Berdasarkan pengakuan para pengungsi, mereka ditahan dalam
kapal milik Bea dan Cukai Australia selama empat hari, sebelum mereka
dimasukkan dalam dua kapal biru dan dibawa ke Indonesia. Sebelumnya, Perdana
Menteri Australia Tony Abbott enggan berkomentar banyak mengenai hal ini, namun
secara tersirat dirinya mendukung apa yang dilakukan oleh para pejabat di
imigrasi Australia tersebut. Sebenarnya sikap Australia menolak para imigran
masuk ke negaranya sudah beberapa kali. Itu sebabnya, ketika Pemerintah
Indonesia menawarkan kerja sama penanganan imigran tujuan Australia yang
transit di Indonesia, selalu ditolak dengan berbagai alasan.

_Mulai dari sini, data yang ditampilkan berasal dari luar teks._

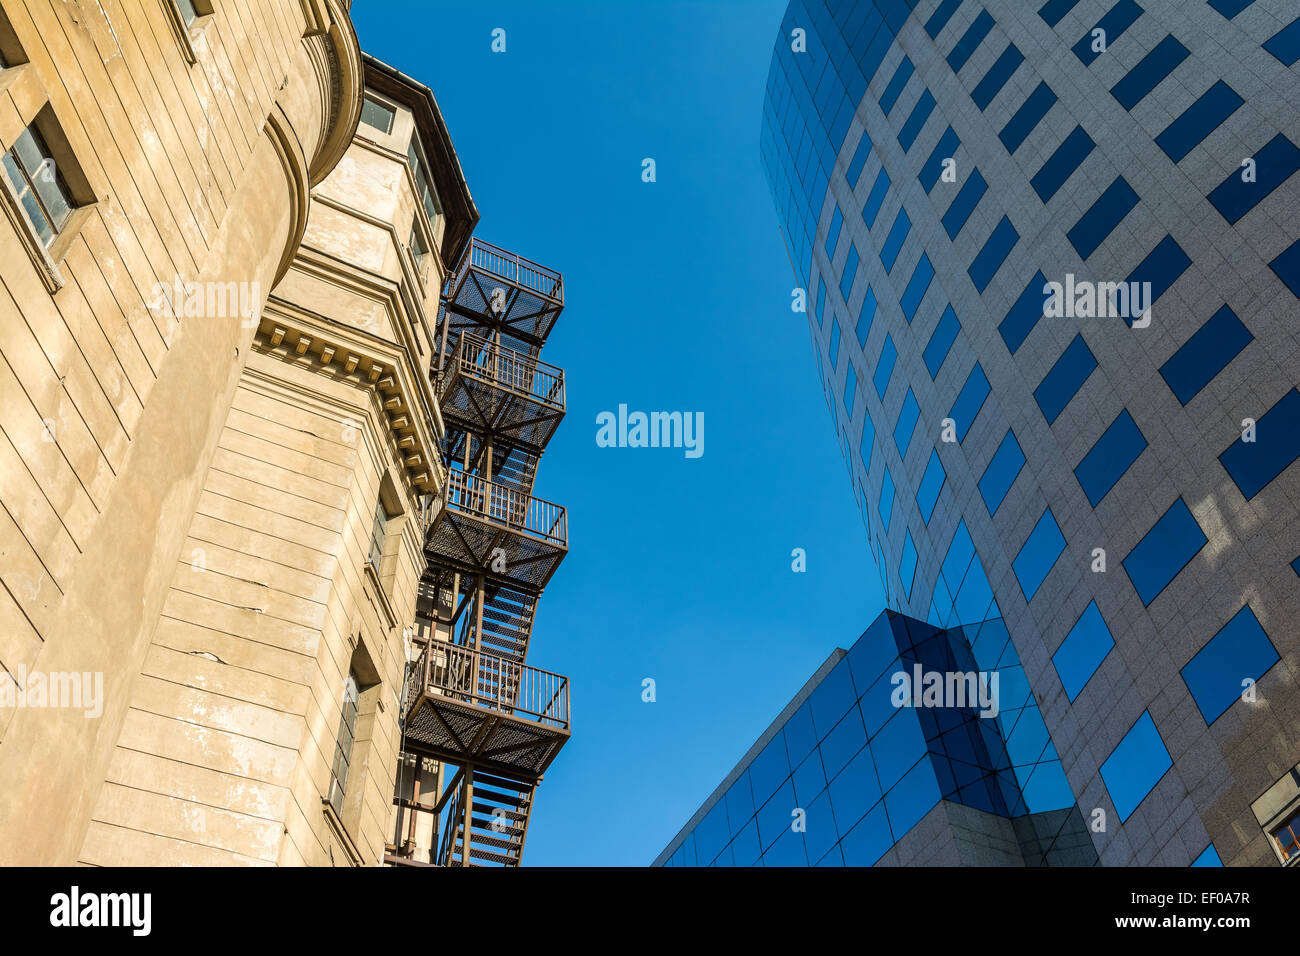 Metall Feuerleiter Treppe im Altbau Fassade Stockfoto

Terkait imigran tujuan Australia dikembalikan kembali ke
Indonesia, Menteri Luar Negeri Indonesia Retno Marsudi telah mempertanyakan hal
ini kepada Duta Besar Australia untuk Indonesia Paul Grigson. Retno menyatakan,
Grigson berjanji akan menyampaikan pertanyaannya ke pemerintah pusat di
Canbera, dan akan segera memberi jawaban.

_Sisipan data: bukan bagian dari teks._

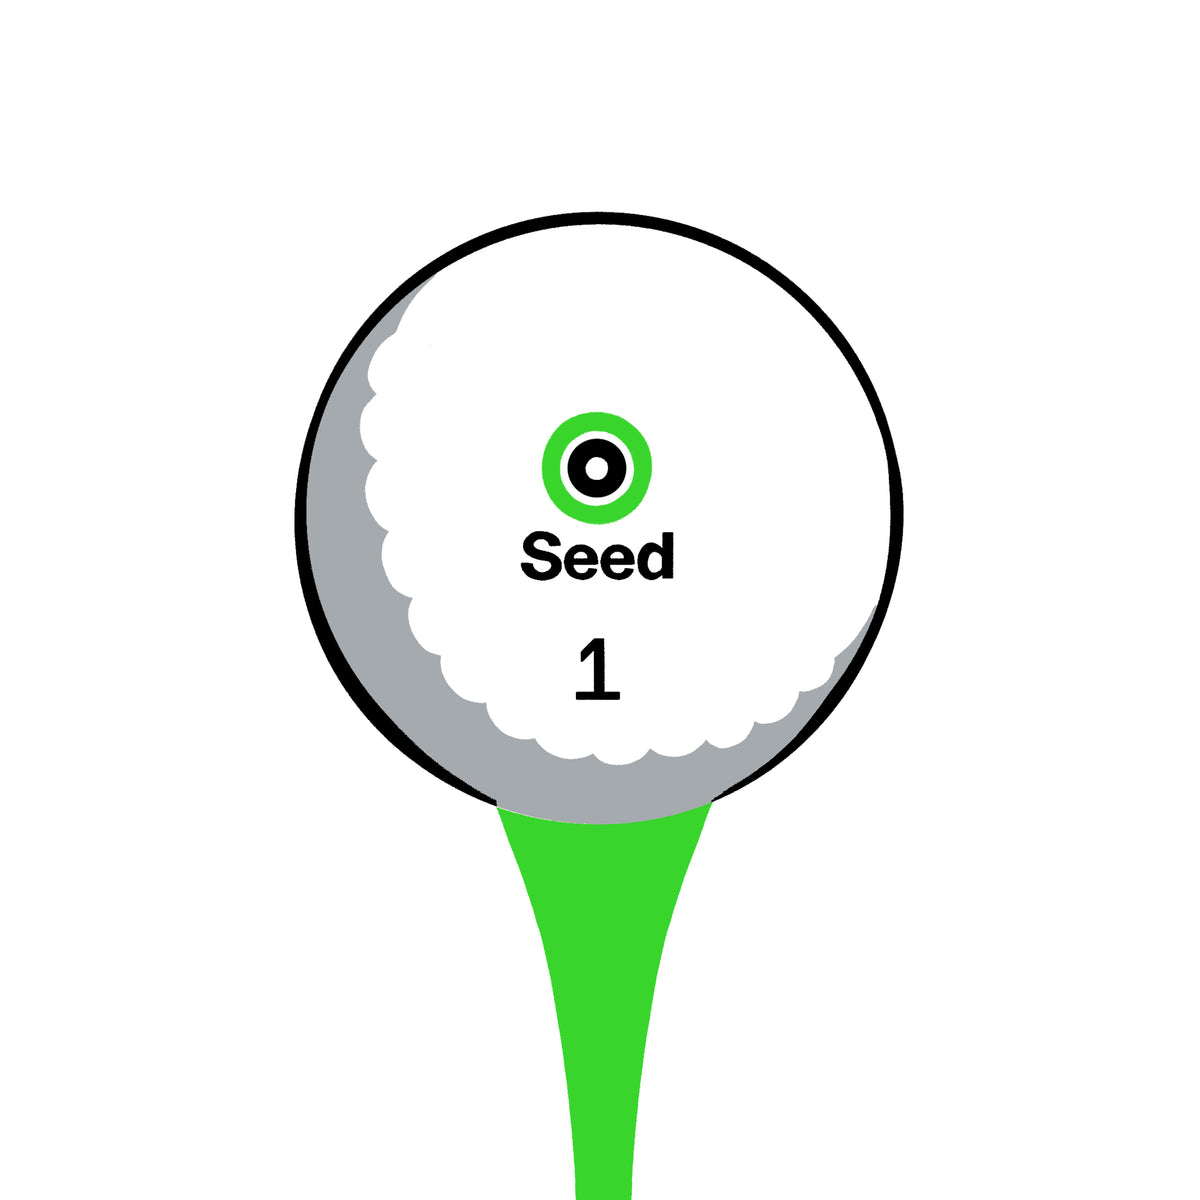 Seed Golf

Apa yang dilakukan Pemerintah Australia yang menolak
kedatangan imigran, sangat mengkhawatirkan karena di dalam kapal terdapat
anak-anak dan ibu hamil. Para imigran merupakan pencari suaka yang rata-rata
berasal dari Bangladesh. Memang, Indonesia sendiri meskipun tidak menjadi
anggota reffugee convention, namun akan tetap menerima para imigran karena
menganggap ini masalah kemanusiaan.
Banyak negara-negara Timur Tengah yang sedang dilanda
konflik dalam negeri, seperti Iran, Irak, Syria dan Afganistan warganya mencari
suaka ke Australia. Mereka melarikan diri dari negaranya hanya dengan
menggunakan sebuah perahu dan bekal makanan seadanya. Indonesia sendiri, karena
mayoritas penduduknya Muslim, telah menjadi tujuan tersendiri bagi pengungsi
suku Muslim Rohingya Myanmar yang tidak diakui di negaranya.
Jumlah pengungsi Rohingya di Indonesia yang ditempatkan di
Aceh hingga saat ini telah mencapai 11.941 orang. Mereka kini masih dalam posisi
menunggu untuk diverifikasi maupun menunggu masa penempatan ke negara ketiga.

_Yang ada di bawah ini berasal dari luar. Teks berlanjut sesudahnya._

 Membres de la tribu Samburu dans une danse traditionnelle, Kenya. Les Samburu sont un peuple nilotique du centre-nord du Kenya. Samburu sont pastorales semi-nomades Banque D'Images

Sebab masalah imigran bukan masalah satu atau dua negara saja, melainkan sudah
menjadi masalah regional bahkan internasional.
Karenanya kita berharap negara-negara lain turut menampung
para imigran Rohingya tersebut dan tidak mengandalkan Indonesia semata dalam
penyelesaiannya. Begitu juga terkait 65 pencari suaka yang mencoba mencapai
Australia, yang terdiri dari 54 warga Sri Lanka, 10 orang Bangladesh dan satu
pengungsi dari Myanmar, hendaknya Australia tidak menolaknya, apalagi
“melempar” ke Indonesia. Sebagai dua negara bersahabat (Indonesia-Australia),
sudah seyogyanya memang menerima para pencari suaka tersebut, terlebih dari 65
orang tersebut tiga di antaranya adalah anak-anak. Begitu pula sebagai
sama-sama negara berdaulat, semestinya Australia juga turut merasakan apa yang
dirasakan Pemerintah Indonesia dengan menampung ribuan pengungsi Rohingya.